Are all ndoes connected to vCenter and connected under the vSphere Cluster Object? If they are then there should be no need to prevent vCenter from pushing down Unicast agent lists (IIRC an earlu version of 6.5 U1 vCenter did have issues with this so you could do this as precaution if manually adding gets wiped right away again e.g. # esxcfg-advcfg -s 1 /VSAN/IgnoreClusterMemberListUpdates):
https://blogs.vmware.com/virtualblocks/2017/04/11/goodbye-multicast/
Here is all that you should need to recreate the Unicastagent list on node ESX03 (assuming linear IPs assigned and ESX01 is 172.16.3.151), add the vSAN vmk in use:
# esxcli vsan cluster unicastagent add -t node -u 50d36eb6-eff6-990c-a3d4-2c768a4e7f50 -U true -a 172.16.3.154 -p 12321 -i vmk<??>
# esxcli vsan cluster unicastagent add -t node -u 5a80cce5-0330-c66c-05c6-a0d3c102285c -U true -a 172.16.3.152 -p 12321 -i vmk<??>
# esxcli vsan cluster unicastagent add -t node -u 5a2291d6-76fd-55e0-0c33-a0d3c1f7d4c0 -U true -a 172.16.3.151 -p 12321 -i vmk<??>
Bob
Update:
I added those missing UUIDs to the unicast list on my isolated server. It now looks like it's part of the cluster again and it's trying to resync with it. There's a ton of data... I'll let you know how it goes. So far it looks like my invalid VMs are better!
Thanks so much for the help!
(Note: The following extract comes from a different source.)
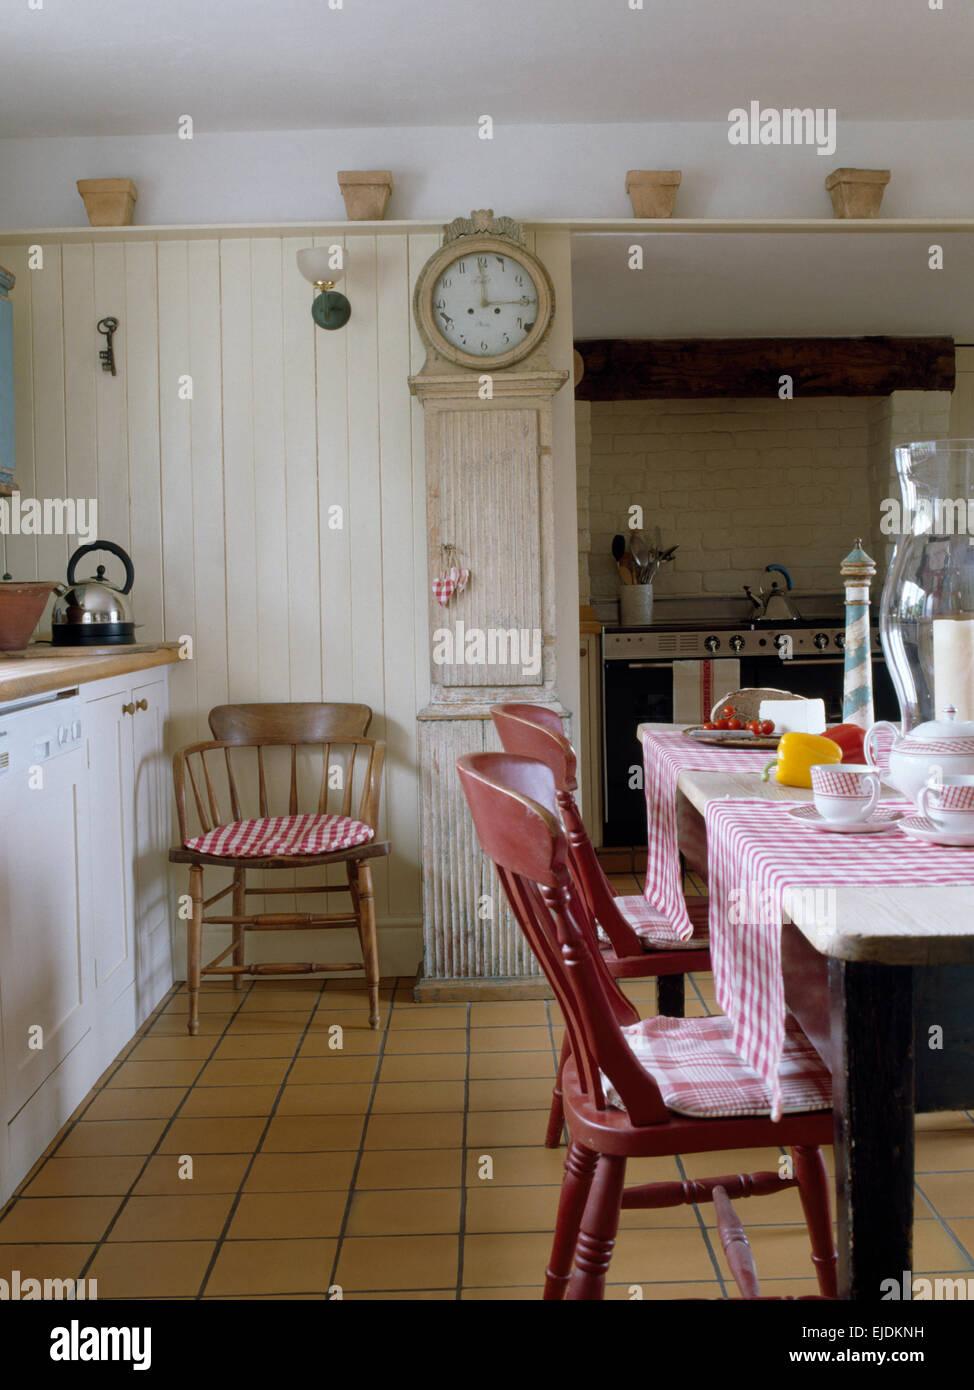 Schwedische landhausküche  Skandinavischen Stil Uhr im Landhaus-Küche mit Fliesenboden und ...

If you're going to VMworld, I'll buy you a beer!
Hello KAhnemann,
Glad to hear that got it clustered properly.
You can use vsan.fix_renamed_vms via RVC if any VMs are showing named as working directory path:
https://www.virten.net/2017/07/vsan-6-6-rvc-guide-part-6-troubleshooting/#vsan-fix_renamed_vms
"Thanks so much for the help! If you're going to VMworld, I'll buy you a beer!"
Happy to help, unfortunately I won't be attending VMworld US but if you see random stranger wearing any vSAN apparel, do please buy them a beer and tell them it's from Bob :smileygrin:
Bob